Credit: Pixabay/CC0 Public Domain

I ricercatori dell’Università di Newcastle, nel Regno Unito, hanno progettato i batteri Escherichia coli  per catturare l’anidride carbonica (CO 2 ) utilizzando il gas idrogeno (H 2 ) per convertirlo in acido formico. La ricerca, pubblicata oggi su Applied and Environmental Microbiology, solleva la possibilità di convertire la CO 2 atmosferica  in prodotti chimici di base.

Normalmente, un enzima in  E. coli  catalizza l’inverso della reazione produzione di H 2  e CO 2  da acido formico . In natura, quest’ultimo è meglio conosciuto come un tipo di composto di aceto che le formiche usano per allontanare i predatori (il formic deriva dal latino “formica”, che significa formica).

Per invertire la normale reazione in  E. coli , i ricercatori hanno fatto in modo che i batteri sostituissero il molibdeno, un metallo che normalmente è una parte critica dell’enzima, con il tungsteno, facendo crescere i batteri in un eccesso di quest’ultimo. “Questo è abbastanza facile da fare in quanto  E. coli  non è in grado di distinguere prontamente la differenza tra i 2″, ha affermato il ricercatore principale Frank Sargent.

“Lo scambio di tungsteno per molibdeno ha cambiato le proprietà del nostro enzima in modo che è stato bloccato in modalità di cattura di CO 2  invece di essere in grado di passare da cattura CO 2   e/o produzione di CO 2  ”, ha affermato Sargent.

I ricercatori hanno utilizzato uno speciale bioreattore pressurizzato riempito con H 2  e CO 2  per rendere disponibili i gas ai microbi. “Ha funzionato: i batteri potevano crescere sotto la pressione del gas e generare acido formico dalla CO 2 “, ha affermato il dott. Sargent.

Il Dr. Sargent ha sviluppato l’idea dalla lettura dell’emergere della vita sulla Terra, sia nella letteratura primaria che nei libri di divulgazione scientifica, ha detto. Tre miliardi e mezzo di anni fa, non c’era ossigeno nell’atmosfera, ma c’erano alti livelli di CO 2  e H 2 , e la vita cellulare aveva iniziato a evolversi 10.000 metri sotto la superficie dell’oceano.

Allora, questi composti avrebbero dovuto essere convertiti nei carboidrati da cui dipende tutta la vita. Ciò potrebbe essere stato ottenuto da un enzima “come quello che abbiamo trovato in  E. coli , che idrogena l’anidride carbonica in un acido organico”, ha affermato il dott. Sargent. “Volevamo provarlo in laboratorio.”

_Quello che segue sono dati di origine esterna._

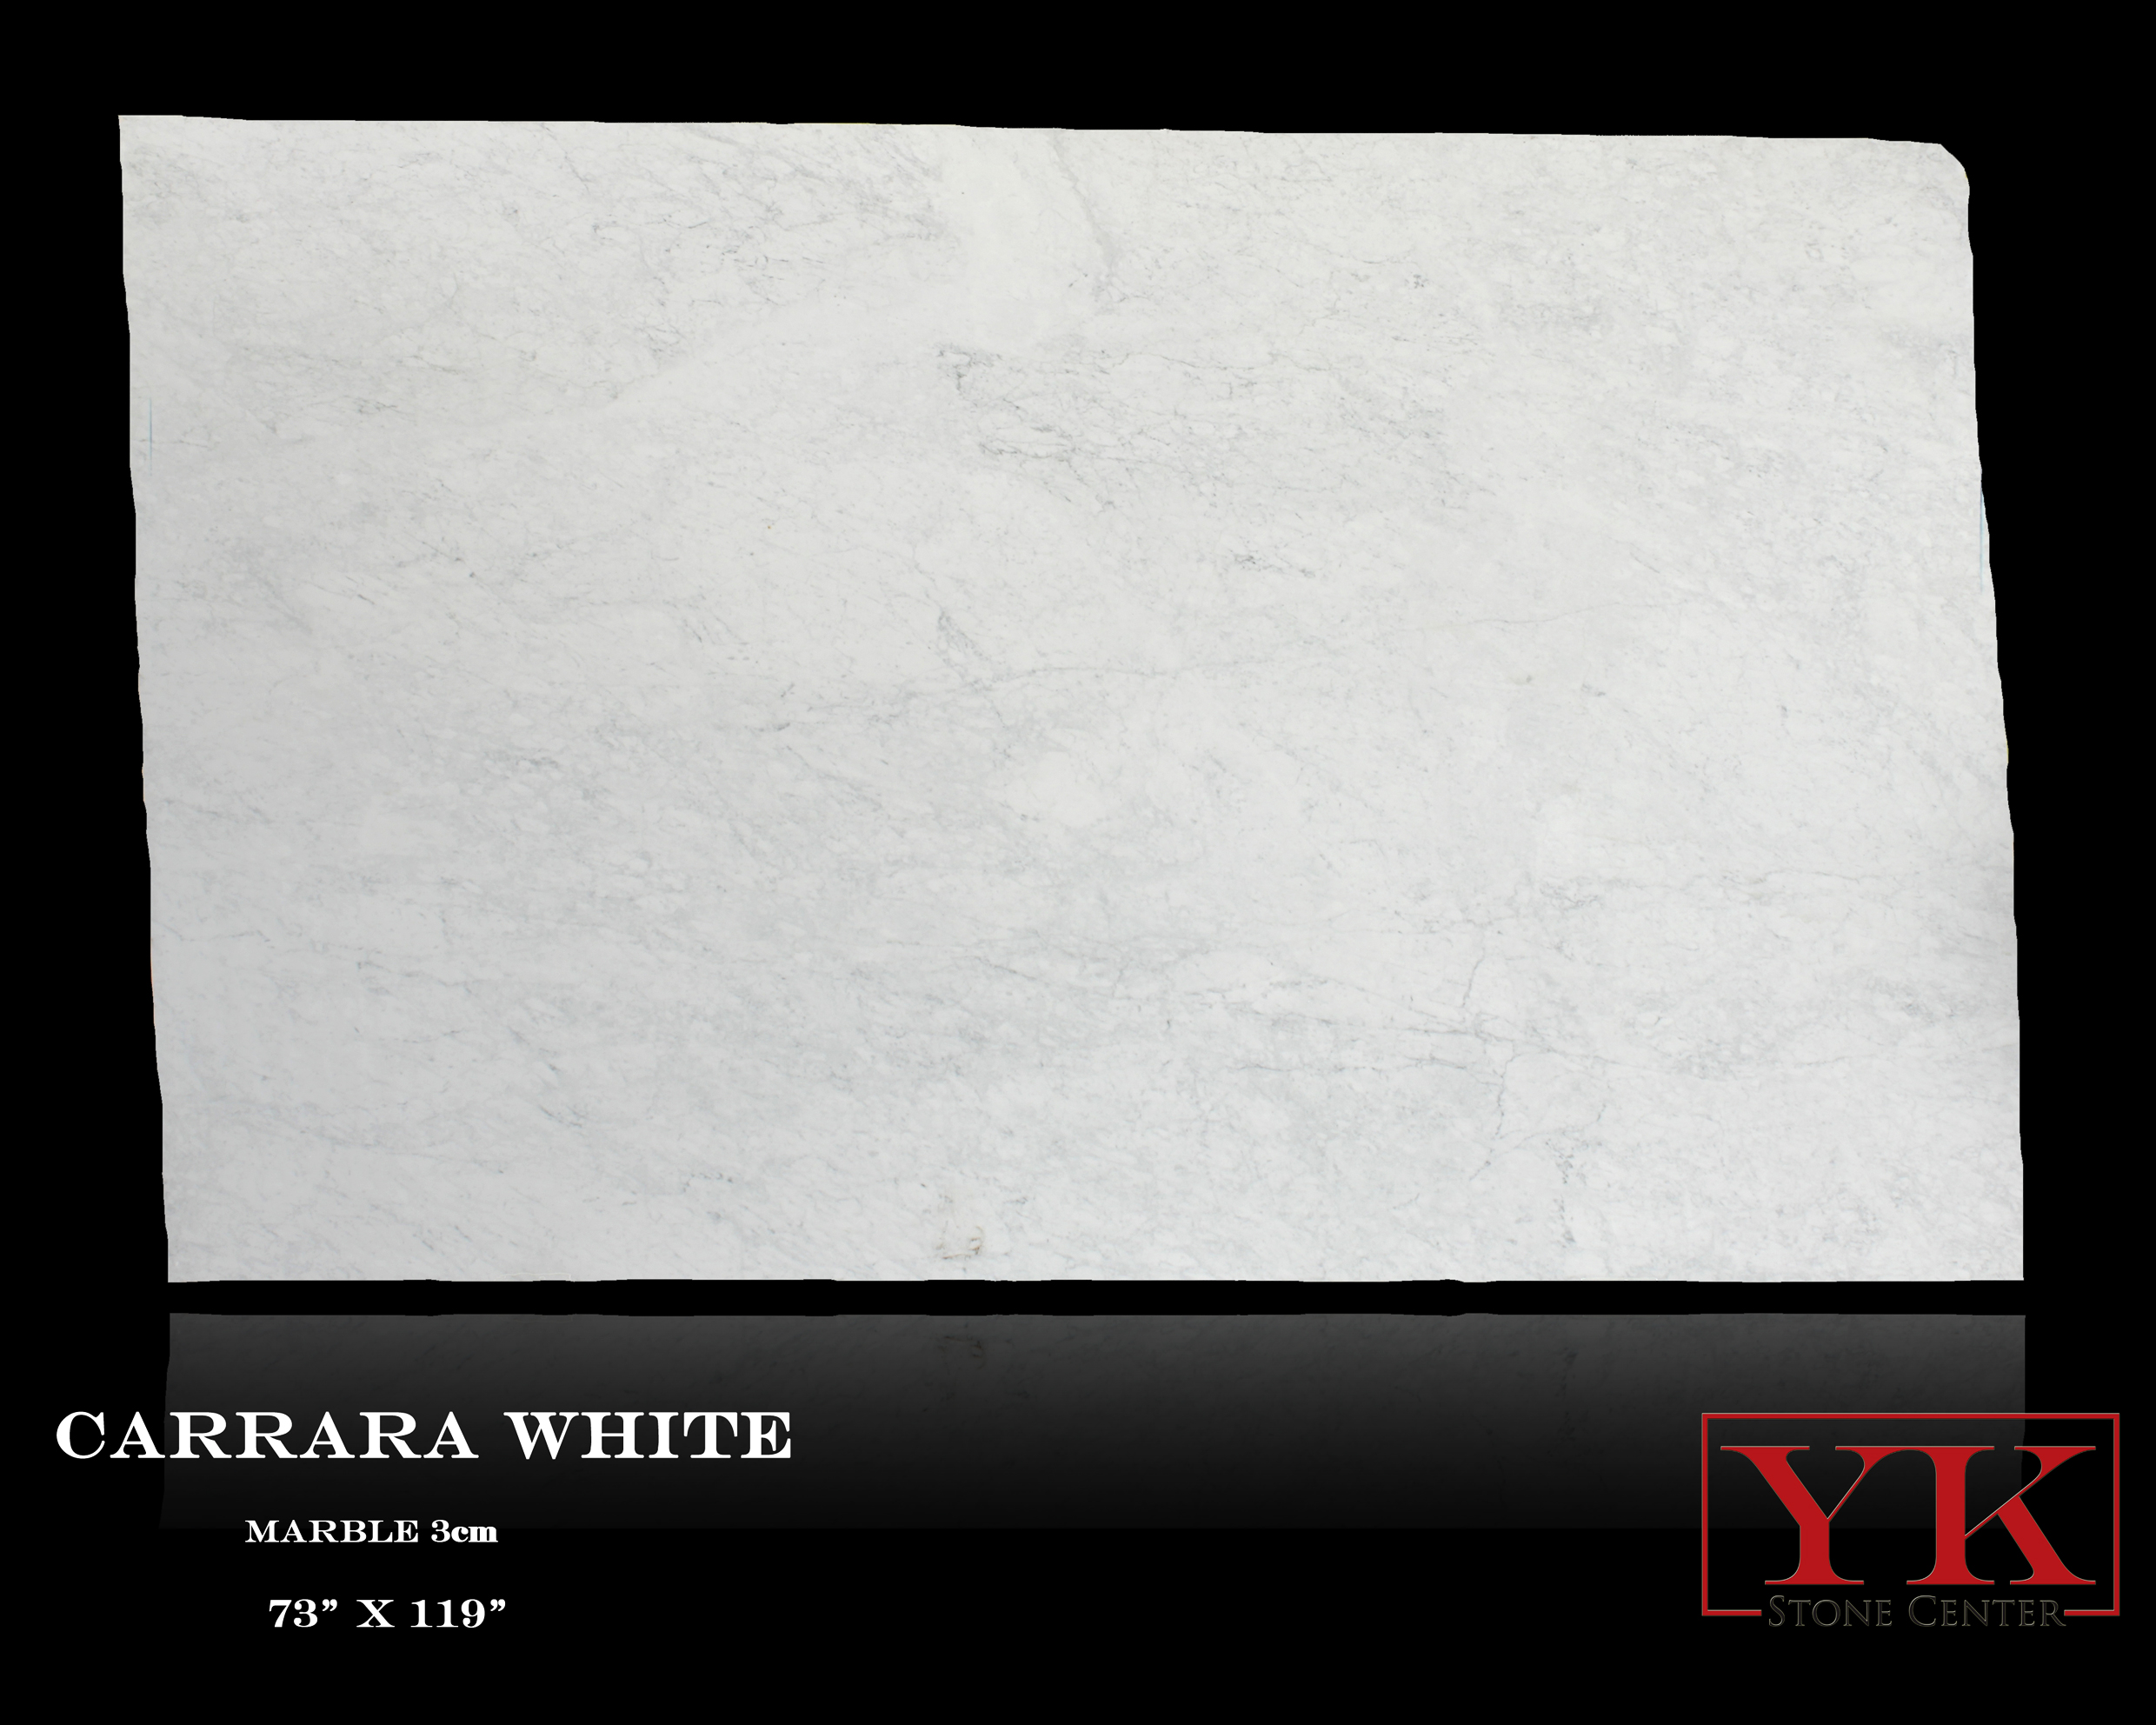 Carrara White Marble slabs denver, yk stone center showroom, natural stone slabs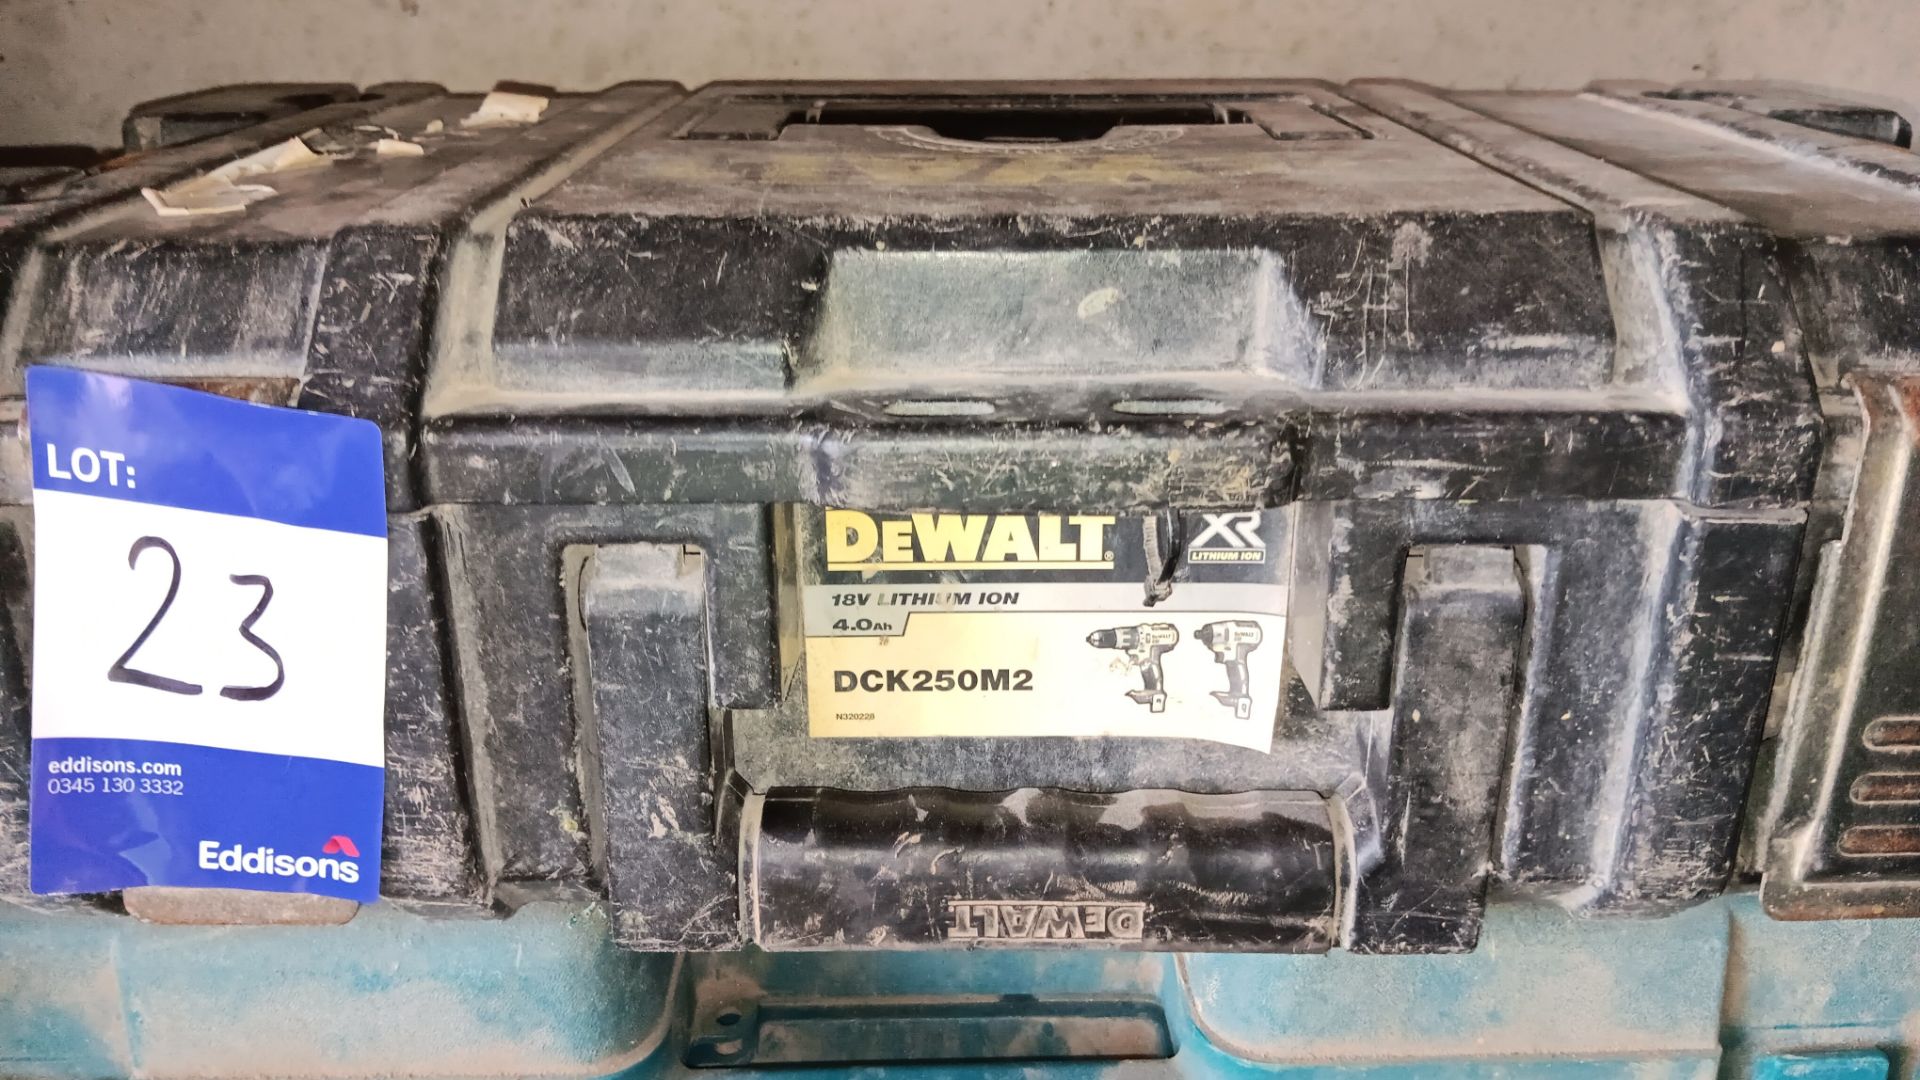 Dewalt DCK250M2 18v 4.0Ah 2 drill set with case and 1 battery - Image 4 of 4

“In tutto il mondo, le società comprendono l’importanza di combattere il cambiamento climatico , sviluppare fonti energetiche sostenibili e ridurre i rifiuti”, ha affermato il dott. Sargent. “La riduzione delle emissioni di anidride carbonica richiederà un paniere di soluzioni diverse. La biologia e la microbiologia offrono alcune opzioni interessanti”.

“L’obiettivo finale sarebbe quello di catturare la CO 2 sprecata  utilizzando il gas idrogeno rinnovabile dal bioidrogeno, come in questa ricerca, o l’elettrolisi alimentata da elettricità rinnovabile e convertirlo in acido formico”, ha affermato il dott. Sargent. “La chiave è che un microbo utilizzi il formiato come unica fonte di carbonio. Quindi possiamo produrre carburante, plastica o prodotti chimici. Questa è la visione di una bioeconomia veramente ciclica in cui la CO 2  viene costantemente prodotta, catturata e restituita al mercato”.